Structural Lie
Download Structural Lie PDF/ePub or read online books in Mobi eBooks. Click Download or Read Online button to get Structural Lie book now. This website allows unlimited access to, at the time of writing, more than 1.5 million titles, including hundreds of thousands of titles in various foreign languages.
Structural Lie
The Structural Lie tackles one of social science's most mysterious problems. How is it possible to derive statements about the grand structures of social life from their effects in the small movements of everyday life? Prominent sociologist Charles Lemert shows how Marx and Freud provide some answers to this question. Marx derived from the commodity his picture of the capitalist system, Freud diagnosed the character of psyches from the details of dreams, slips and jokes. This wonderfully readable and engaging book lays the foundation for a new social science in an age where a microchip can convey a world of information.

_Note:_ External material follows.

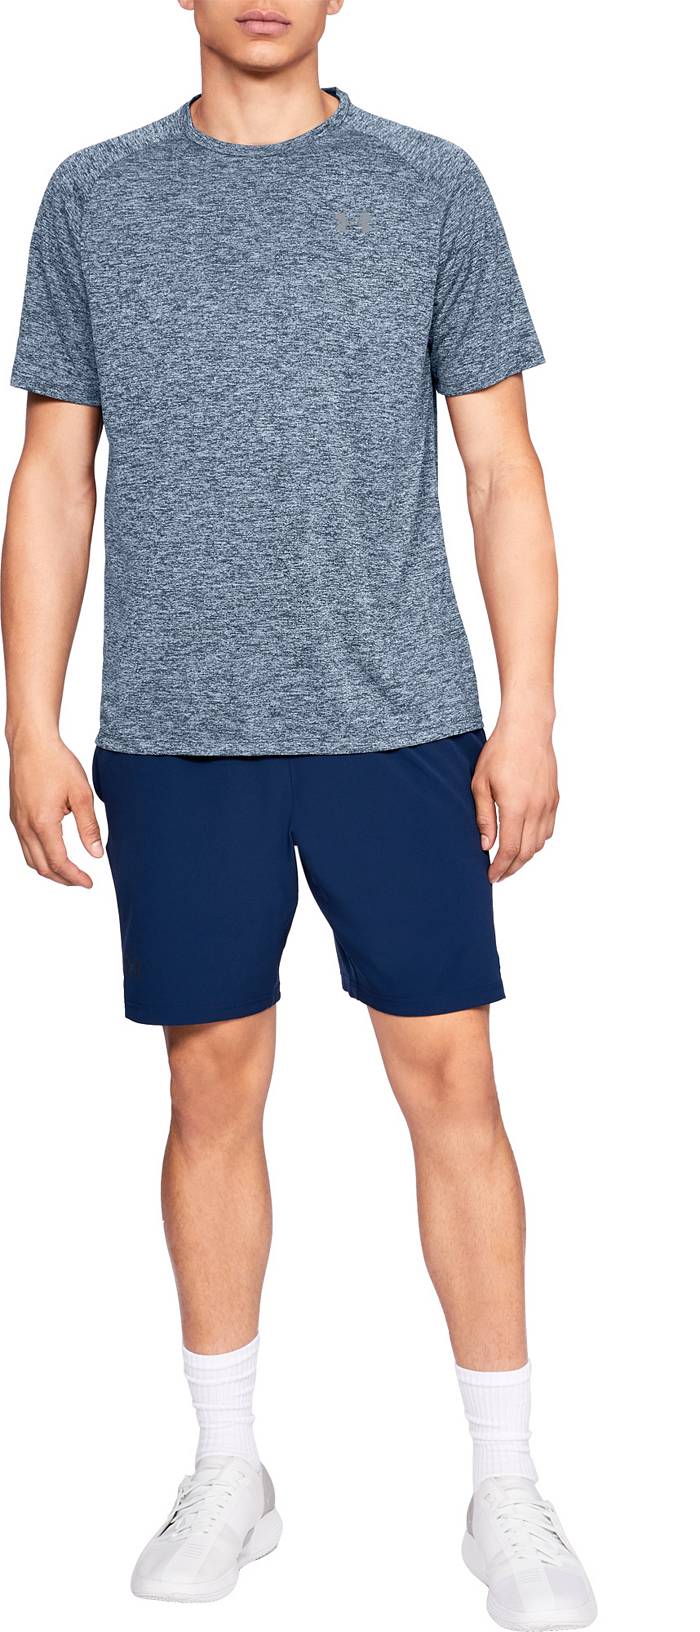 Oklahoma City Dodgers Under Armour Tech T-shirt - Shibtee Clothing

Lie's Structural Approach to PDE Systems
Author: Olle Stormark
language: en
Publisher: Cambridge University Press
Release Date: 2000-06-15
Here is a lucid and comprehensive introduction to the differential geometric study of partial differential equations (PDE). The first book to present substantial results on local solvability of general and nonlinear PDE systems without using power series techniques, it describes a general approach to PDE systems based on ideas developed by Lie, Cartan and Vessiot. The central theme is the exploitation of singular vector field systems and their first integrals. These considerations naturally lead to local Lie groups, Lie pseudogroups and the equivalence problem, all of which are covered in detail. This book will be a valuable resource for graduate students and researchers in partial differential equations, Lie groups and related fields.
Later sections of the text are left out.